Mark Wooding [Wed, 10 May 2017 20:51:45 +0000 (21:51 +0100)]
symm/hmac-def.h: Set HMAC keys up in a more principled manner.
No longer does it reach into the hash context and run `HASH_compress' by
hand.
This means that nothing assumes that `HASH_compress' exists any more.
Mark Wooding [Wed, 10 May 2017 20:50:04 +0000 (21:50 +0100)]
symm/hmac-def.h: Report key sizes as 16-bit quantities.
Hash states can be huge. It was an obvious mistake defining the
recommended key size in terms of the state size, but I can't change it
now.
Mark Wooding [Wed, 10 May 2017 20:46:39 +0000 (21:46 +0100)]
base/keysz.[ch]: Add a flag to say that arguments are 16 bits wide.
This breaks programs which thing they can parse arbitrary key-size
descriptors. The obvious such thing is the Python interface, so note
that we need a later version.
Mark Wooding [Mon, 1 May 2017 00:38:30 +0000 (01:38 +0100)]
symm/keccak1600.[ch]: Add the Keccak-p[1600, n] permutation.
Currently just a special snowflake. Fancier things forthcoming.
Mark Wooding [Wed, 10 May 2017 19:58:34 +0000 (20:58 +0100)]
symm/sha512.[ch], etc.: Support SHA512/224 and SHA512/256.
These are more truncated versions of SHA512 with different initial
values. The point of the exercise is performance: SHA512 runs faster
than SHA256 on 64-bit processors (it munches twice as much data per run
through the compression function, but has only 25% more rounds). Add
test vectors for the hash function from NIST and Wikipedia, and HMAC
tests I found under a rock.
Mark Wooding [Wed, 10 May 2017 19:53:27 +0000 (20:53 +0100)]
symm/t/sha...: Add official NIST HMAC test vectors.
I found some at last, annoyingly provided as PDF documents.
Unsurprisingly, the code passed first time.

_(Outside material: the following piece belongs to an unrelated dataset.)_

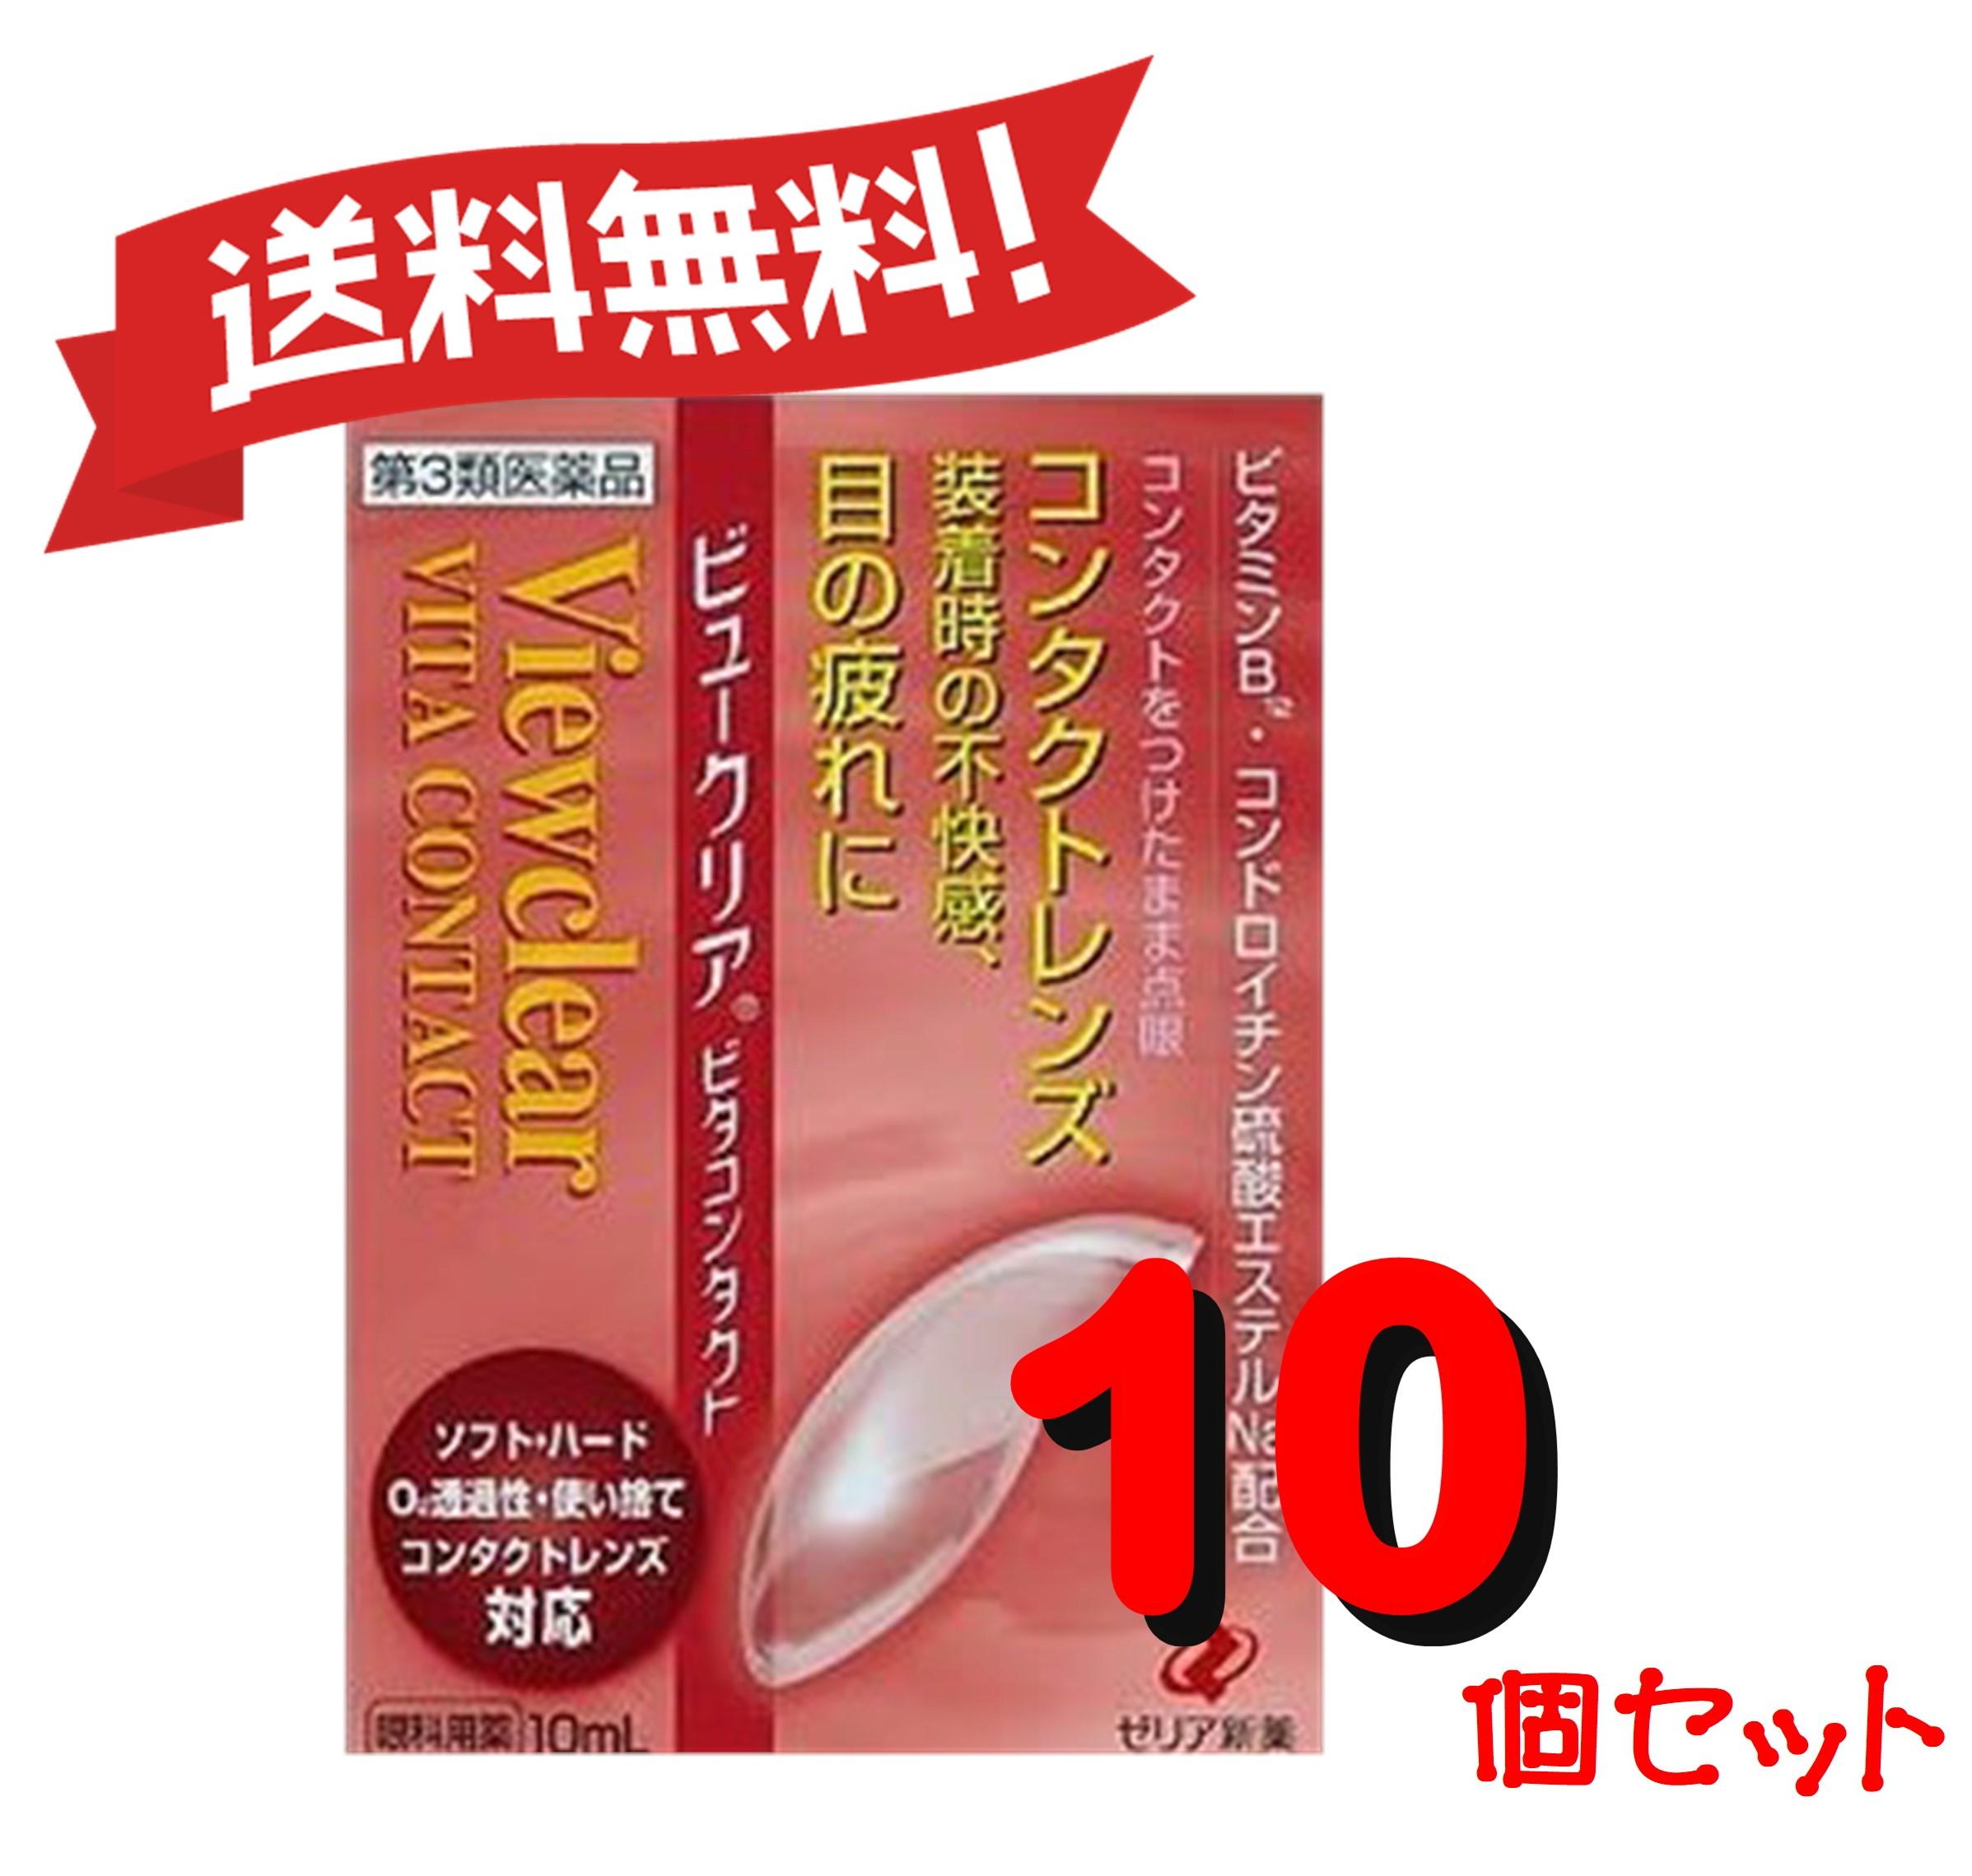 目の疲れ 買い物 眼病予防に 贈答 送料無料 10個セット ビュークリアビタコンタクト 10mL 第3類医薬品

Strange: the tests include two tests for the message `Sample message for
keylen=blocklen', exactly one of which has the key length equal to the
block length. Whatevs.
Mark Wooding [Wed, 10 May 2017 18:48:20 +0000 (19:48 +0100)]
symm/: Eliminate the remaining checked-in stubby source files.
Now that $(STUBS_SRC) actually works, use it to eliminate `safersk.c',
`sha224.c', `sha384.c', and `whirlpool256.c'. Move test vectors to
their new homes, and modify the base files to actually run them.
Alas, the build machinery wants to ship `t/safersk' even though it's
empty, so leave it as a stub. (Maybe...) And the HMAC mode machinery
wants to put its test in the mode test-vector file, which is a bit
annoying. Still, the cruft is reduced.
Mark Wooding [Wed, 10 May 2017 18:36:44 +0000 (19:36 +0100)]
symm/stub.c.in: Add a trivial test rig which says to look over there.
As hinted.
Mark Wooding [Wed, 10 May 2017 18:35:59 +0000 (19:35 +0100)]
symm/Makefile.am: Add a `base' column to the $(STUBS_SRC) list.
The list is currently empty, so this is just a matter of fiddling with
the bits of Makefile which process it. But it means that we can add
things to `stub.c.in' which refer to the base C file, for example to
tell a reader where the real thing is.
Mark Wooding [Wed, 10 May 2017 19:26:41 +0000 (20:26 +0100)]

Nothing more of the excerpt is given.